Había aprendido un nuevo hechizo y lo había estado practicando en la pradera. Algo había salido mal e incendie
gran parte de la ropa que Atsuko había colgado hacia nada. Aunque intenté sofocarlo el fuego era ya demasiado
potente para mi escaso poder así que sólo pudo ser sofocado gracias al trabajo de los heimin que estaban
trabajando la tierra…
-“¡¡¡Tiene que estar por aquí!!!”-
El grito del samurai cangrejo me devolvió a la realidad como si me hubiera dado un buen golpe con su tetsubo.
Automáticamente me acurruqué más y cerré los ojos con fuerza. Deseabas estar otra vez en casa, seca y calentita,
no en ese agujero debajo de la tierra oscura y tenebrosa. Las Tierras Sombrias la habían llamado y cuanta razón…
Sentí como un sollozo subía por mi garganta. Intenté poder cortarlo, pero las lágrimas inundaron mis ojos sin que
yo pudiera hacer nada.
“Quiero volver a casa, quiero volver a casa” No hacia más que repetir en mi mente
esa frase una y otra vez, pero sabia que eso era imposible.

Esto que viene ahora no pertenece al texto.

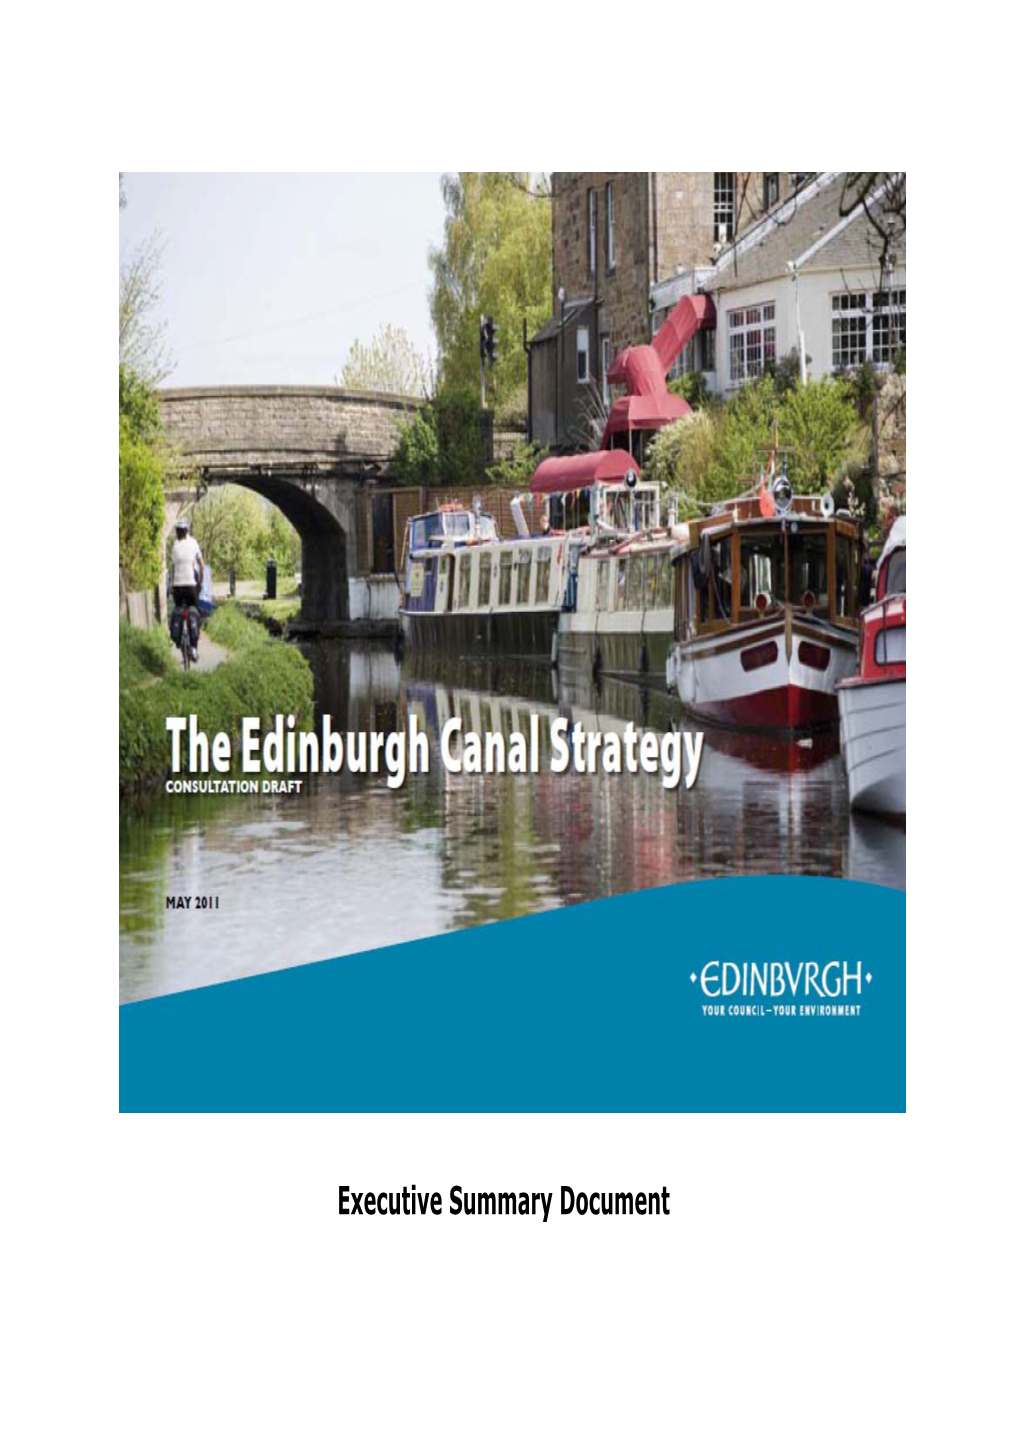 Executive Summary Document the Edinburgh Canal Strategy

Había sido expulsada de tierras Fénix. Me habían condenado al destierro por buscar (y encontrar) conocimientos
prohibidos.
“Hemos sido magnánimos” me dijeron “ Sólo te desterramos, debido a que no hay signo alguno de mancha
en ti”.
Hubiera preferido que me mataran… pero no lo habían hecho y allí estaba yo ahora, escondida, escapando de una
patrulla de cangrejos para que no me cogieran y me mataran…
De repente una mano grande, muy grande, entró por el agujero de entrada de la pequeña cueva, me cogió por el
tobillo y empezó a tirar con fuerza para fuera.
“¡Aquí esta! ¡La he encontrado!" –Grito una voz dura fuera de la cueva.
-“no, no, no, no, no” –Empecé a decir inconscientemente mientras buscaba desesperadamente algo para poder
cogerme y así no me pudiera sacar del pequeño refugio que me ofrecía esa cueva.
Encontré unas raíces más fuertes y me agarre a ellas, pero lo único que conseguí fue alargar un poco mas el
tiempo y hacerme pequeñas raspaduras en las manos que sangraban y escocían.
Cuando me sacaron fuera pude ver al cangrejo que me había sacado.
Era enorme, el hombre más grande que había
visto en mi vida. Me miraba como si yo fuera el peor de los demonios y yo lo único que podía hacer era mirarlo
con muchísimo miedo, sabía lo que iba a pasar a continuación, la muerte…
Al cabo de poco rato aparecieron otros tres guerreros tan grandes como el que me tenía retenida, con carácter
fiero. Al verlos cerré los ojos y empecé a rezar a mis ancestros, para pedirles disculpas por haber fallado…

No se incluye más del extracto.